## Exercise goal
Transcribe the listing below exactly, without pictures.

====== Extracted entries ======

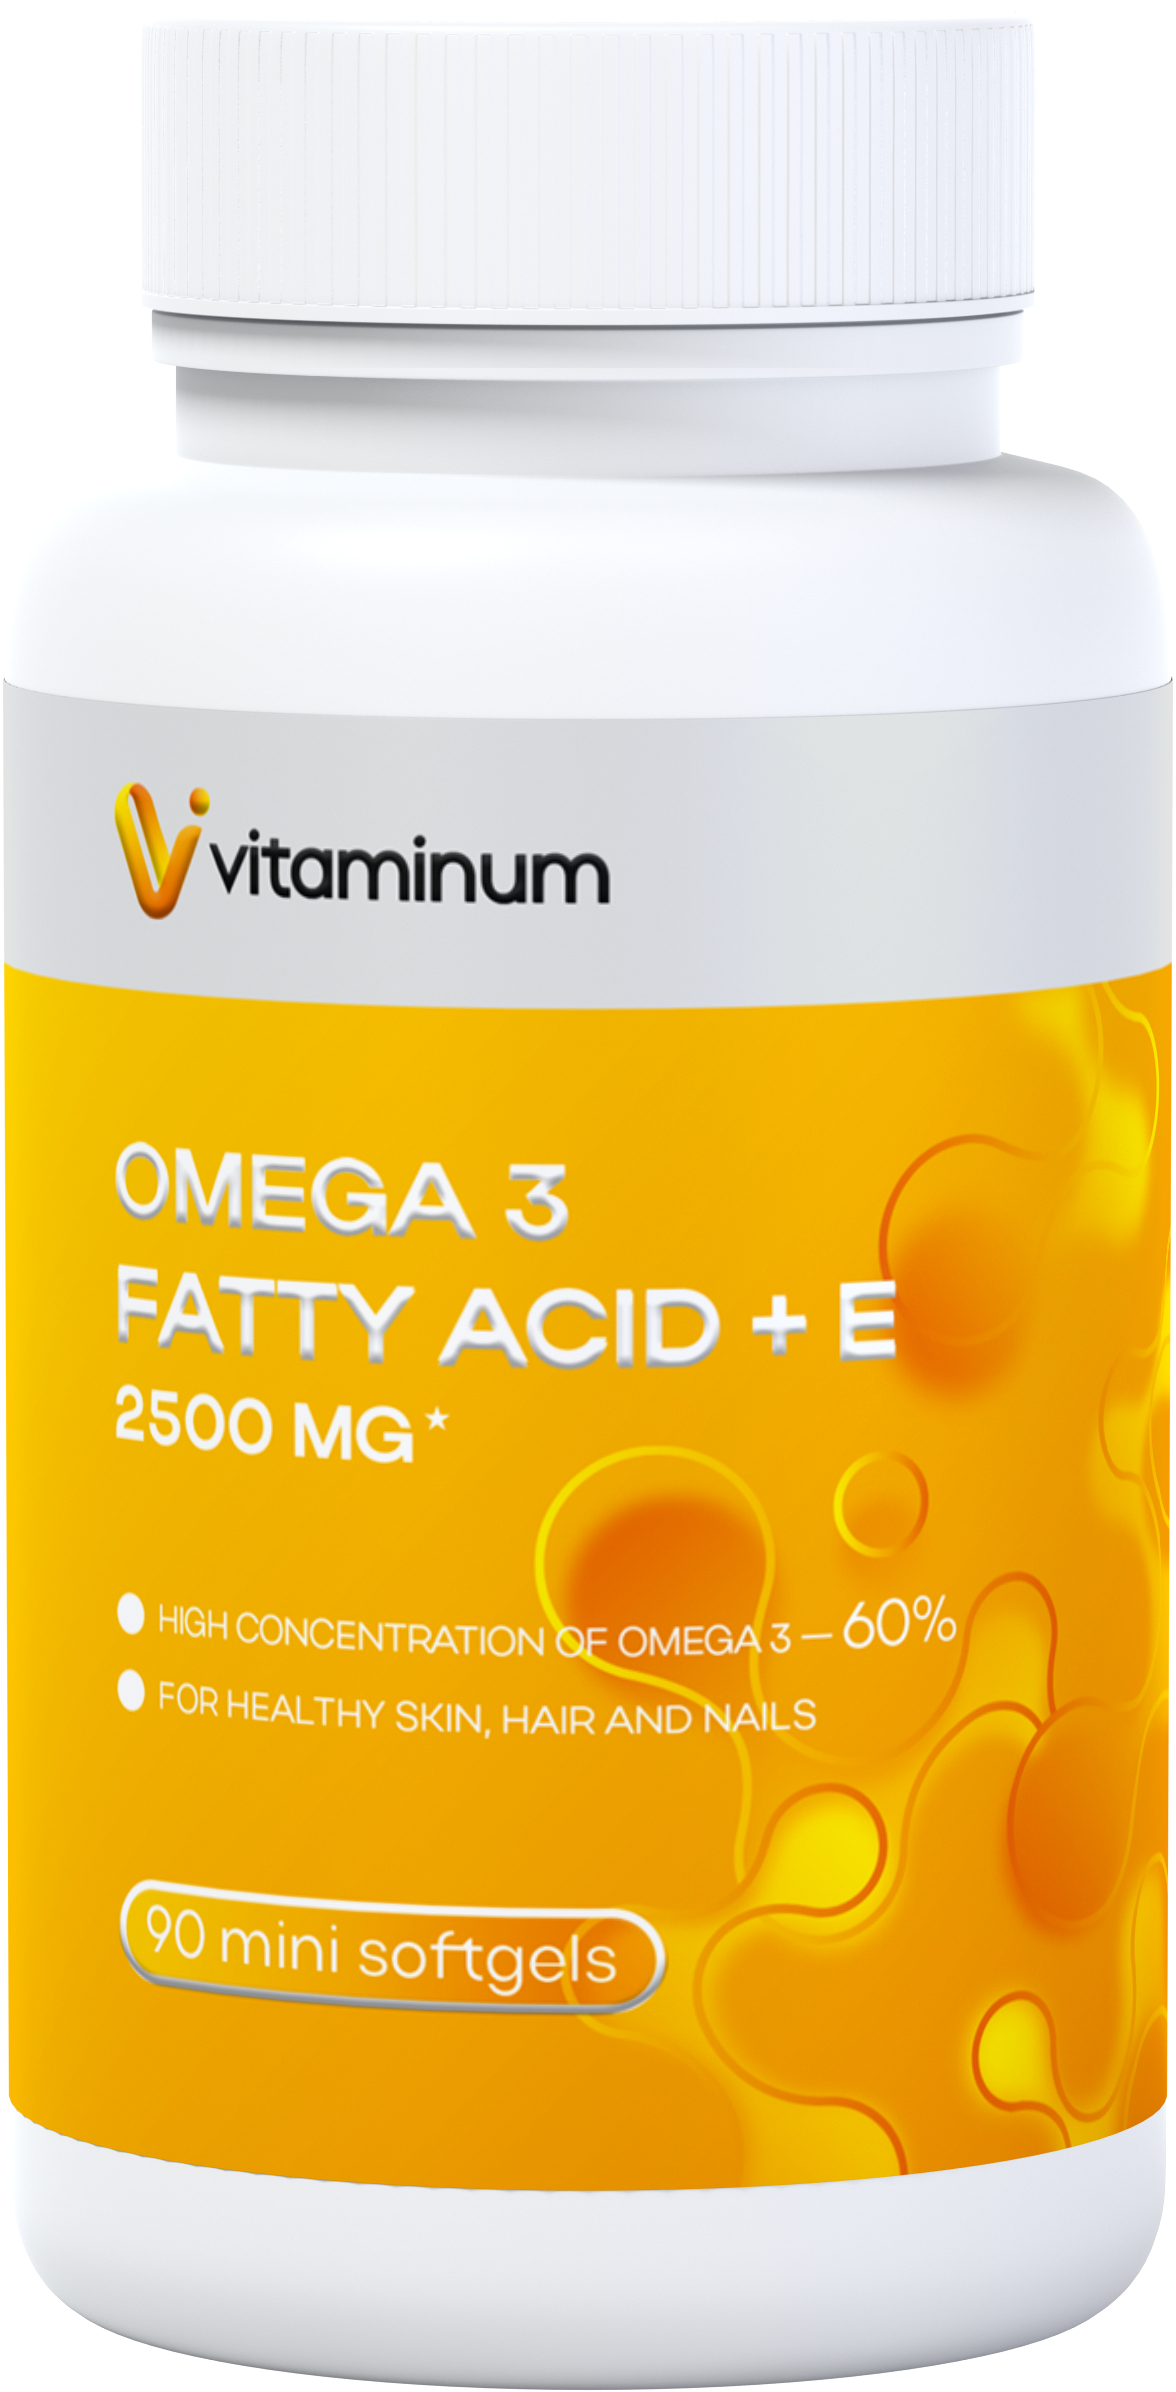  Vitaminum ОМЕГА 3 60% + витамин Е (2500 MG*) 90 капсул 700 мг  в Армянске
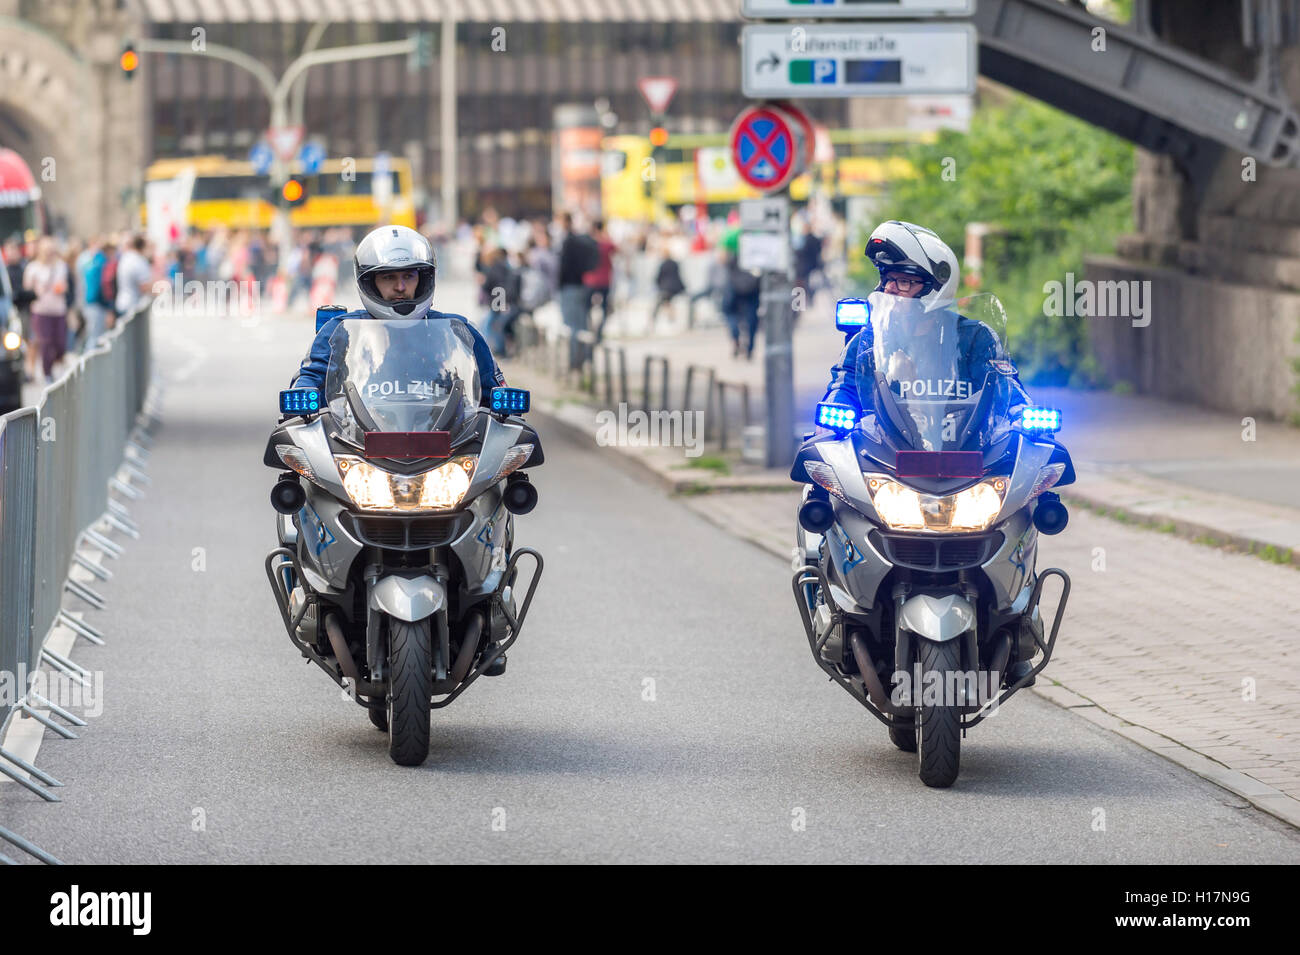 Polizei auf Motorrädern, Hamburg, Deutschland Stockfoto
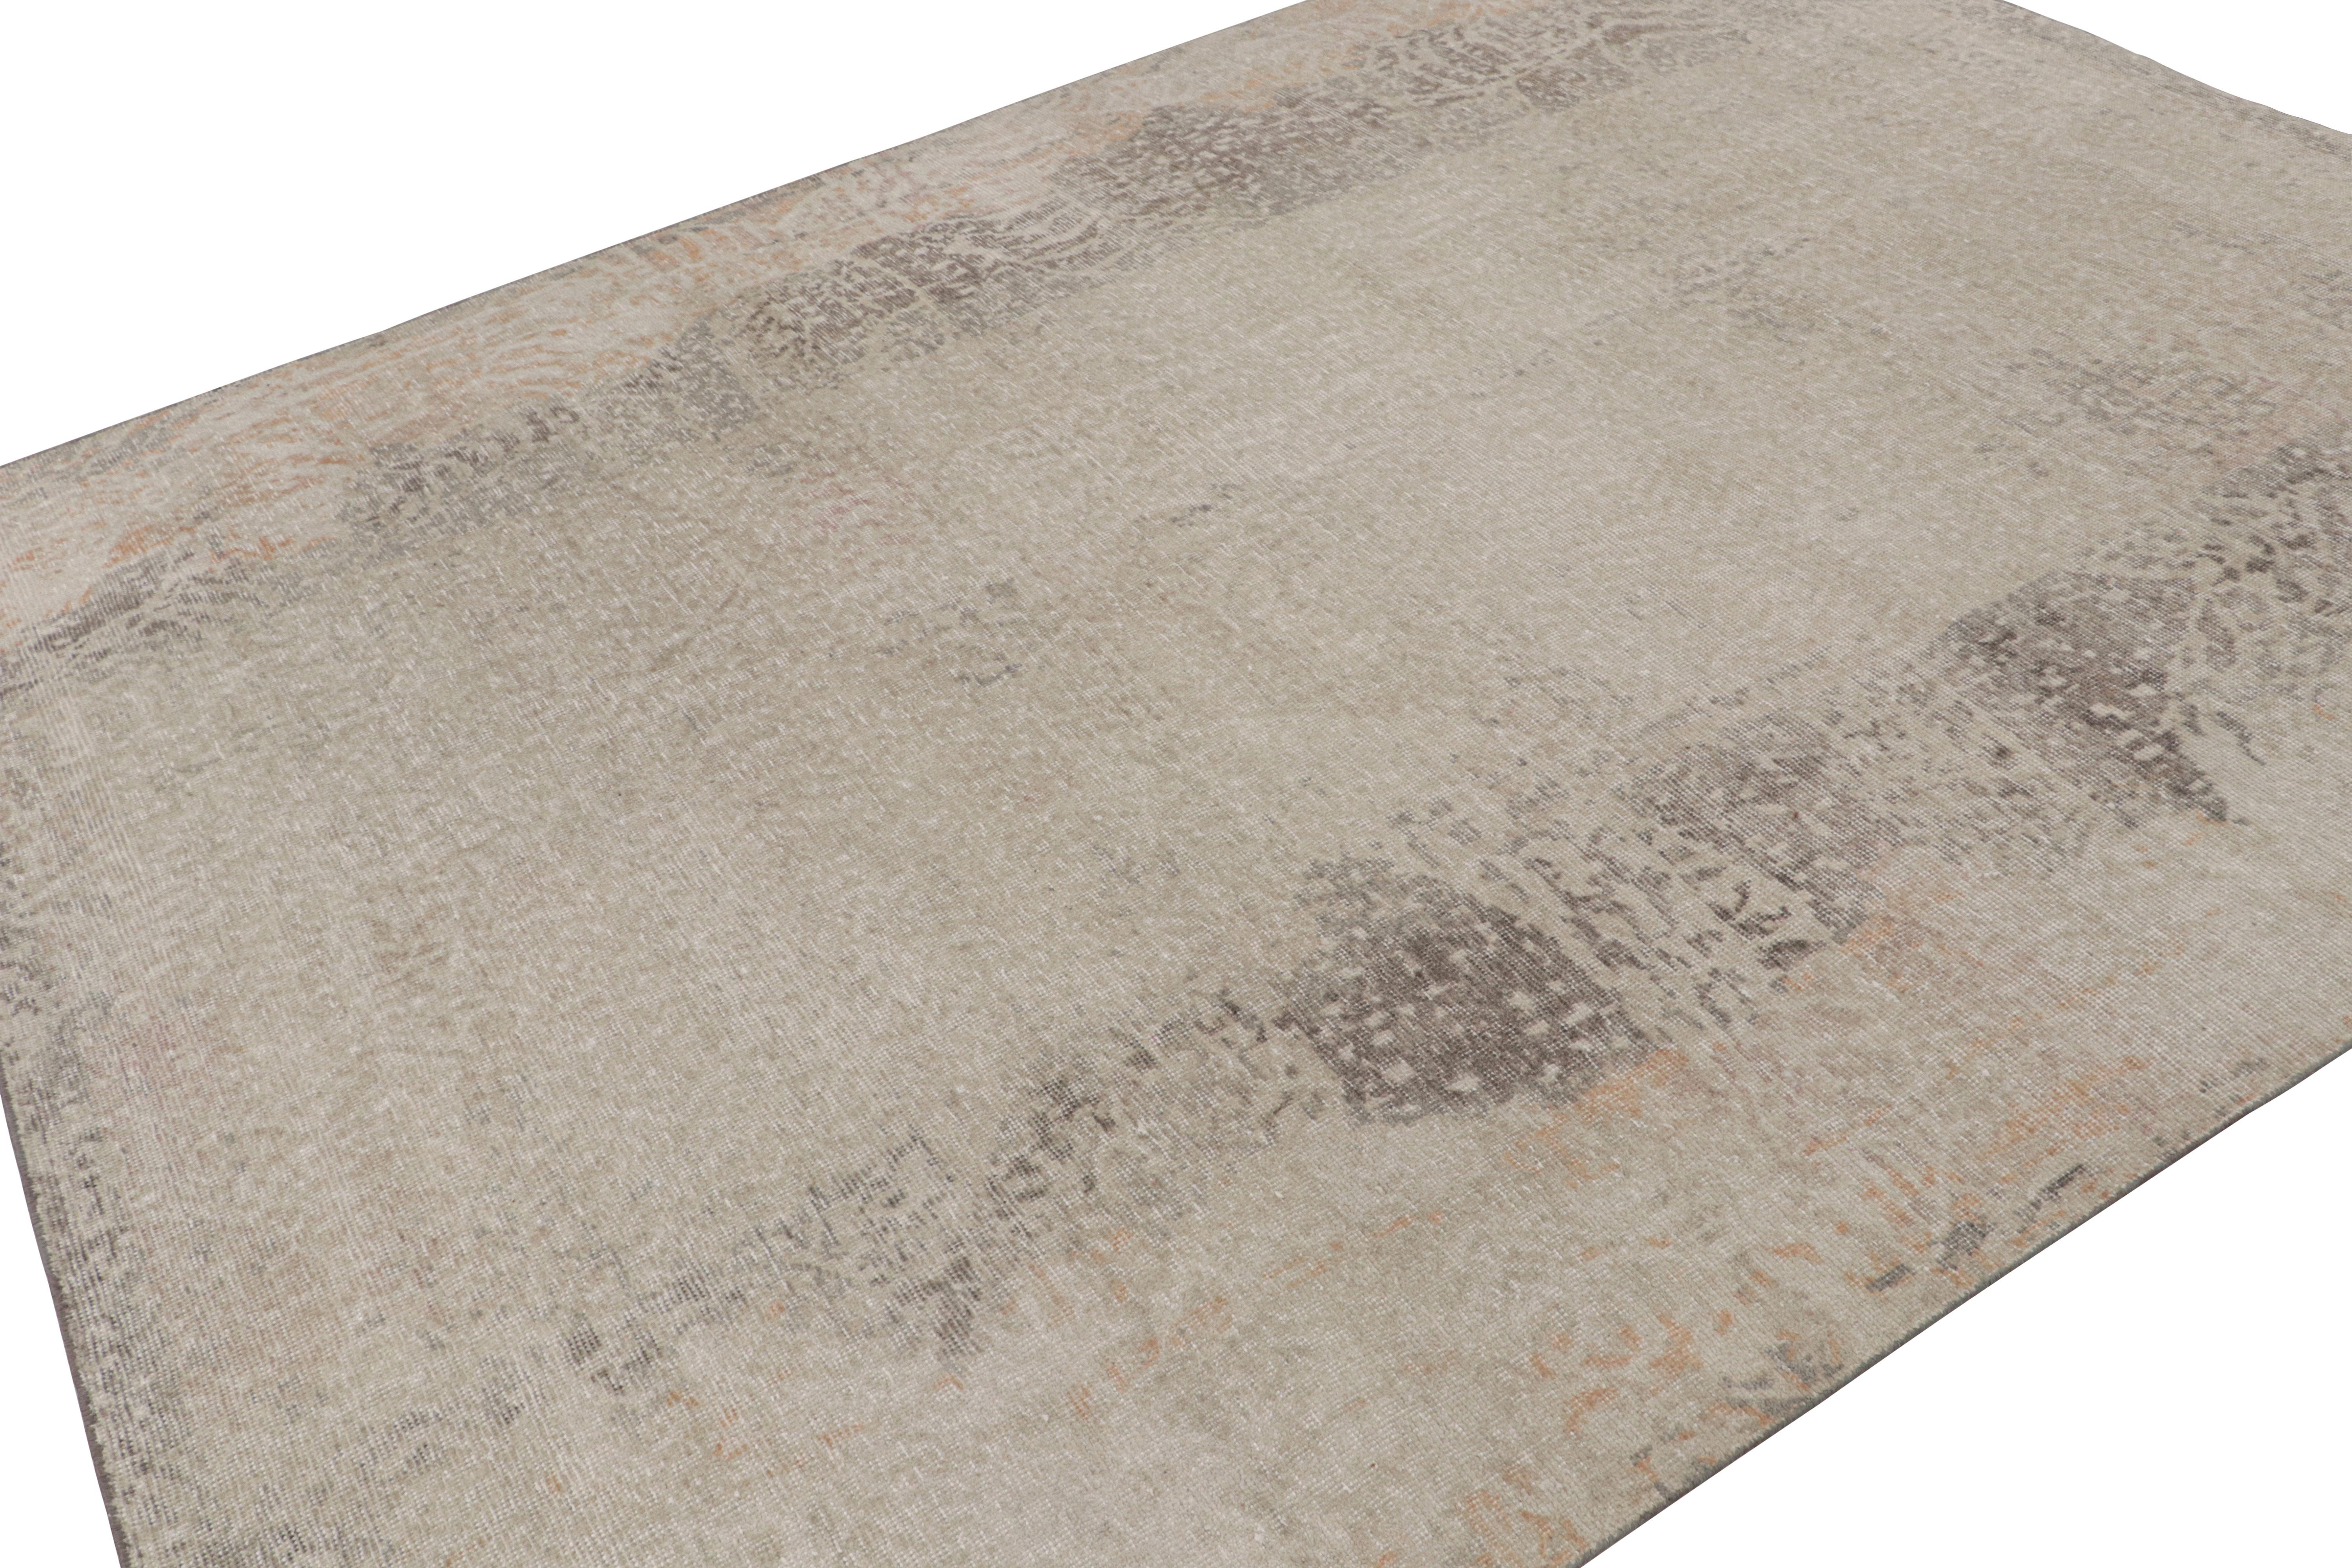 Ce tapis abstrait contemporain 8x9 est issu de la collection Homage de Rug & Kilim. Noué à la main en laine.

Sur le Design :

Cette pièce minimaliste s'inspire d'une abstraction d'imprimés animaliers. Les yeux attentifs remarqueront les tons taupe
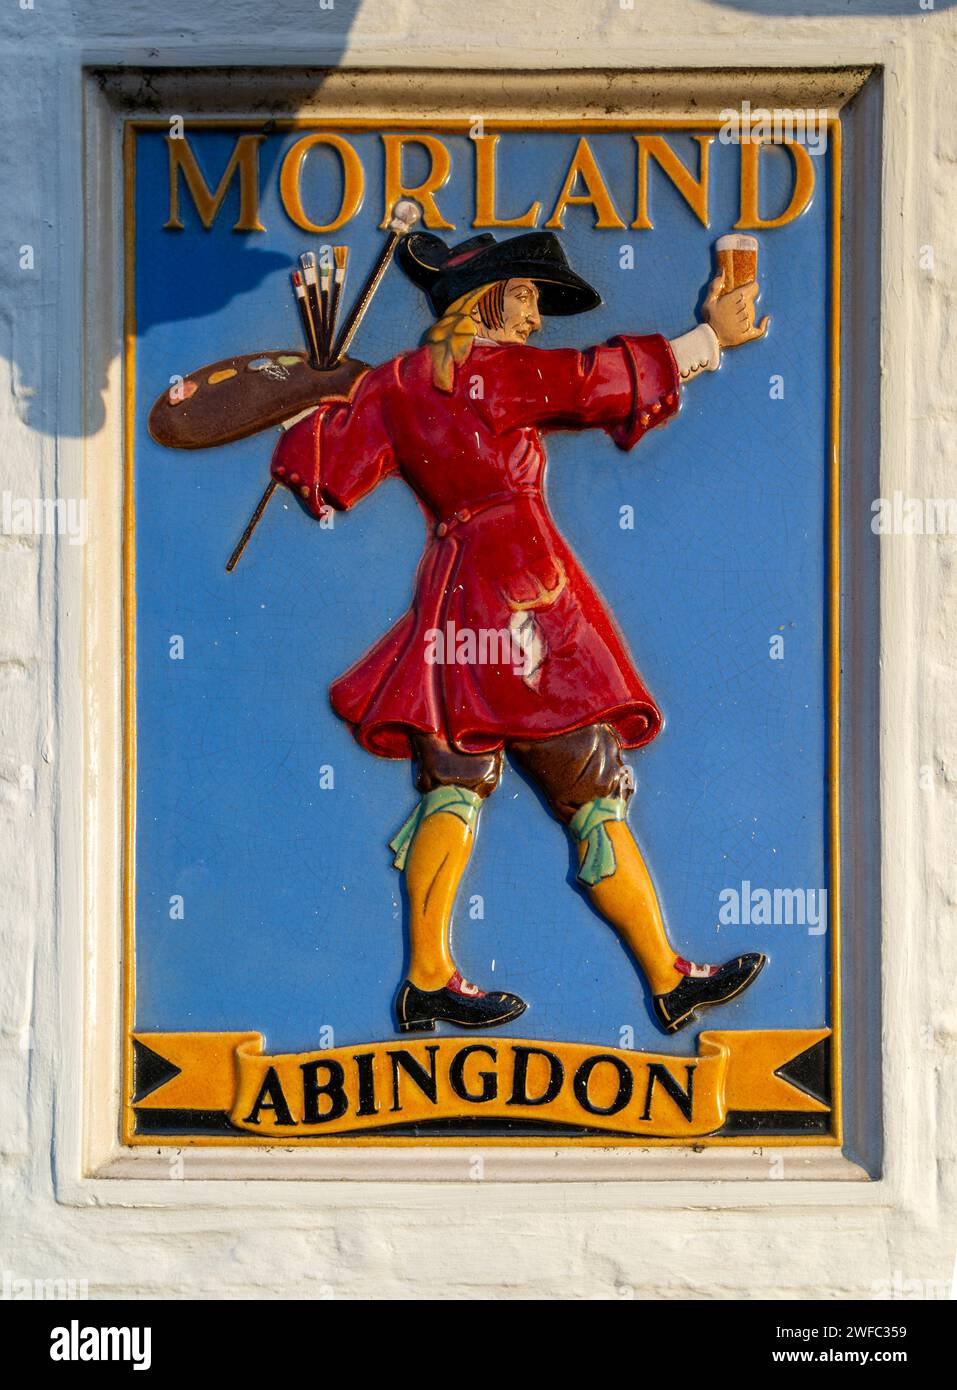 Vintage-Pub-Zeichen des Künstlers Morland Brewery Beer, Abingdon, Oxfordshire, England, Großbritannien Stockfoto

======

## Result below
  Vitaminum ОМЕГА 3 60% + витамин Е (2500 MG*) 90 капсул 700 мг  в Армянске
 Polizei auf Motorrädern, Hamburg, Deutschland Stockfoto
 Ce tapis abstrait contemporain 8x9 est issu de la collection Homage de Rug & Kilim. Noué à la main en laine.

Sur le Design :

Cette pièce minimaliste s'inspire d'une abstraction d'imprimés animaliers. Les yeux attentifs remarqueront les tons taupe
 Vintage-Pub-Zeichen des Künstlers Morland Brewery Beer, Abingdon, Oxfordshire, England, Großbritannien Stockfoto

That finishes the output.